If they don't, I don't see it as a problem.  But I do see it as
important that we move toward URLs that are as unambiguous and
directly comparable as possible.  To take a handy example, while
one could certainly write IDNA-specific comparison code
(converting any U-labels to A-labels before comparing), the
theory behind IDNA suggests that one should not have to
recognize IDNs and perform that extra operation in order to know
whether two links should be counted as pointing to the same
place.

>> In which case, I'd rather have a *descriptive* spec that
>> explains what the browsers, etc are doing, than a
>> *prescriptive* spec that tries to tell them to stop mapping.
>> I have always liked the tendency of RFCs to be descriptive
>> rather than prescriptive, though of course there has to be
>> some balance between the two, particularly during the initial
>> stages of a protocol's adoption.
> 
> Of course, the IDNA200X protocol draft does not tell
> developers to stop mapping, but it does not give an exact
> description of the mapping either.
> 
> I might even be OK with an Experimental RFC that precisely
> describes how the mappings are derived from any current or
> future version of Unicode, as long as these details are
> written down somewhere.

While I had hoped to avoid it, largely because of concerns about
available time and cycles, you are making what seems to me to be
a strong case for a document that describes the types of
mappings that might be appropriate in various circumstances.  My
gut instinct is that, e.g., case mappings, at least silent case
mappings, may not be a good idea when the users aren't used to
looking at scripts that normally handle case and that, for
systems localized for such users and for users who might expect
special handling of the odd cases (such as the notorious Turkic
dotless "i") warnings or rejection might be better than case
mappings.  (I'd like to hear from Gerv and others on the browser
side about that subject.)

Such a document could describe the mapping situation, review the
IDNA2003 rules and the compatibility issues, discuss the
tradeoffs, etc.  It might be Experimental, as you suggest, or
Informational, or even a BCP.   If you and others think that
would be of significant help, I'll start drafting (although I'd
be very pleased if someone else wanted to take the job on).

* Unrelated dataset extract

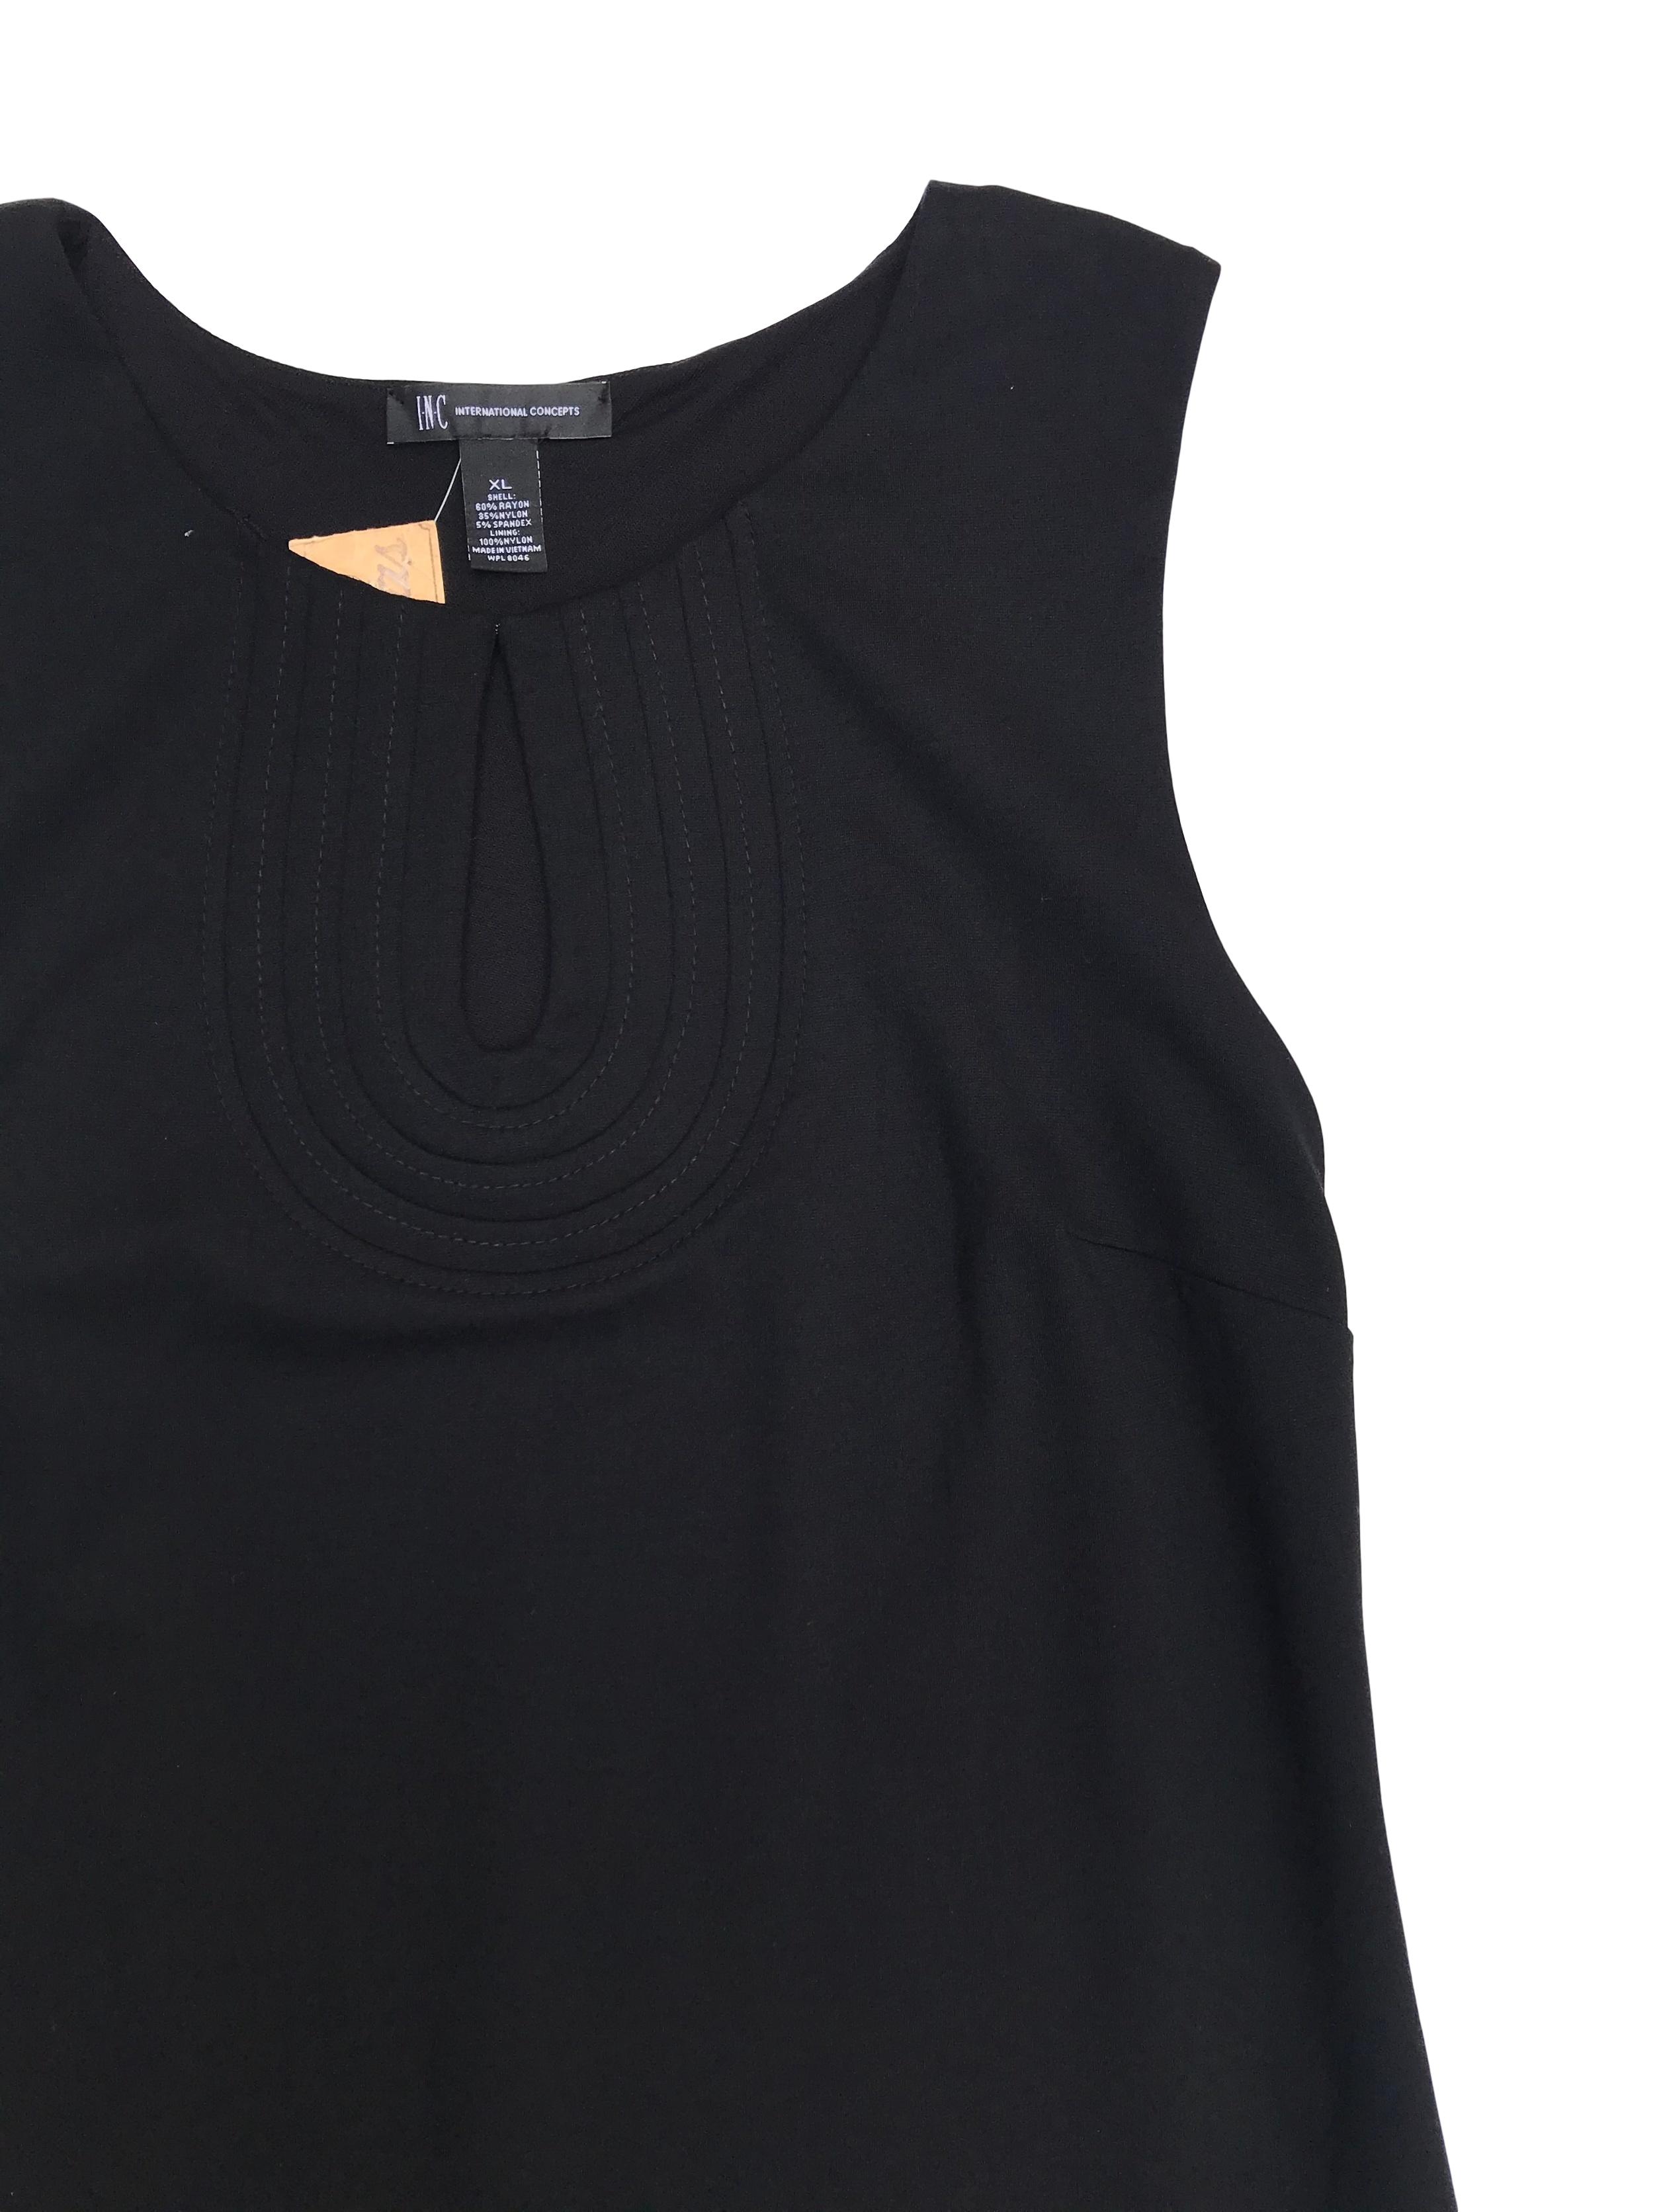 Vestido International Concepts, negro de tela gruesa stretch, forrado, con escote gota en el pecho y pespuntes, es pegado a cuerpo. Largo 95cm, busto hasta 110cm Precio original S/300

> Presumably, the IDNA200X protocol document would re-enter the
> Standards Track at Proposed?

Yes, absolutely.

>> > We also need to remember that, if the predictions heard
>> > around ICANN, IGF, and similar forums are to be believed,
>> > there is almost no use of IDNs today compared to what we
>...
>> > The alternative is to carry
>> > the mistakes we have made and infelicitous features we have
>> > created forward and have to live with them forever, a
>> > decision that will certainly lead to a louder chorus of a
>> > claim that has already been made, i.e., that IDNs are
>> > inherently discriminatory against any language other than
>> > English.
>> 
>> I don't really understand the last sentence. Would you please
>> give a couple of examples? Maybe the German eszett or the
>> Turkish dotted and dotless i?

To understand comments like that one, you need to appreciate the
political part of this design effort, a situation in which there
seem to be a number of parties who would like to reach the
conclusion that IDNs are discriminatory against their languages
(or an attempt to keep the Internet "in English" (even though we
all know better as far as content is concerned)) and who are
looking for things to point at to "prove" their position.  If
someone had the right (or wrong) incentives, such Latin-script
oddities as Eszett and Turkish "i"s, would count.   But I'm more
concerned about problems with Arabic (e.g., should final-form
character match intermediate ones, a question to which the best
answer is probably "sometimes") and Indic scripts (e.g., how
does one decide whether to apply a Hindi or Nepali rendering
without knowing the language and while having far too few
characters to guess).

> I just checked, and the upper-case I-with-dot (İ) is
> preserved by IDNA2003's ToUnicode(ToASCII(x)), and so is the
> lower-case i-without-dot (ı). The Eszett (ß), however, gets
> mapped to ss, so it is lost. Is this the kind of thing you are
> referring to when you say "discriminatory against any language
> other than English"?

Not specifically, but see above.  Eszett is further complicated
by the fact that standard orthography in some German-speaking
areas encourages mapping it out (quite independent of anything
having to do with IDNA) while standard orthography in others
encourages preserving it and considers the "ss" mapping to be
appropriate only when required by typographical convenience.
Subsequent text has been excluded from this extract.